Die Senioren 55+ mit Mohsen, Thorsten, Thomas und Matthias knüpften nahtlos an ihre Vorjahresleistung an – und setzten sogar noch einen drauf. Mit großem Einsatz, mannschaftlicher Geschlossenheit und spielerischer Qualität erkämpften sie sich eine 6:3-Bilanz und wurden mit einem hervorragenden dritten Platz im Teamvergleich belohnt. Eine Leistung, auf die man mit Recht stolz sein kann.

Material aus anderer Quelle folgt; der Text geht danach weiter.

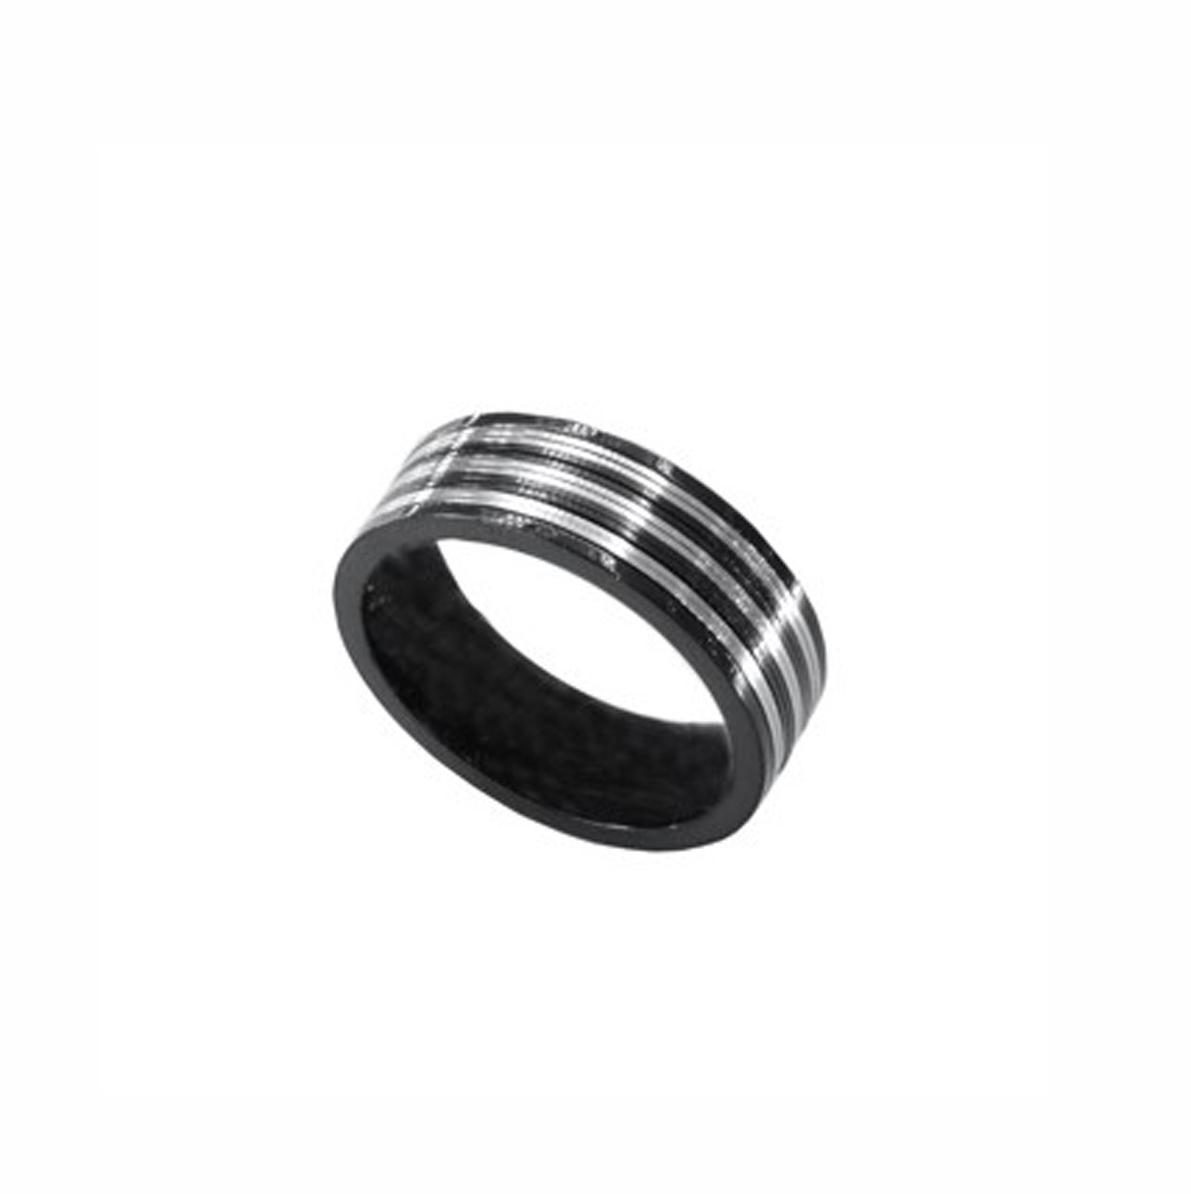 Δαχτυλίδι Ατσάλινο Μαύρο Επιπλατινωμένο ΔΟ55005

Am Ende stand für Berlin erneut Platz acht in der Gesamtwertung. Doch die Tabelle erzählt nur die halbe Wahrheit: Zwischen Platz drei und Platz acht lagen in diesem Jahr gerade einmal drei Spielsiege. Es fehlte – wieder einmal – nur eine Kleinigkeit, ein einziger Moment, ein einziger Punkt.
Verdienter Meister wurde NRW, gefolgt von Bayern und dem Saarland.
Was bleibt, ist mehr als ein Tabellenplatz: Es bleibt der Eindruck eines engagierten, geschlossenen Berliner Teams, das mit Leidenschaft, Fairness und sportlichem Ehrgeiz aufgetreten ist.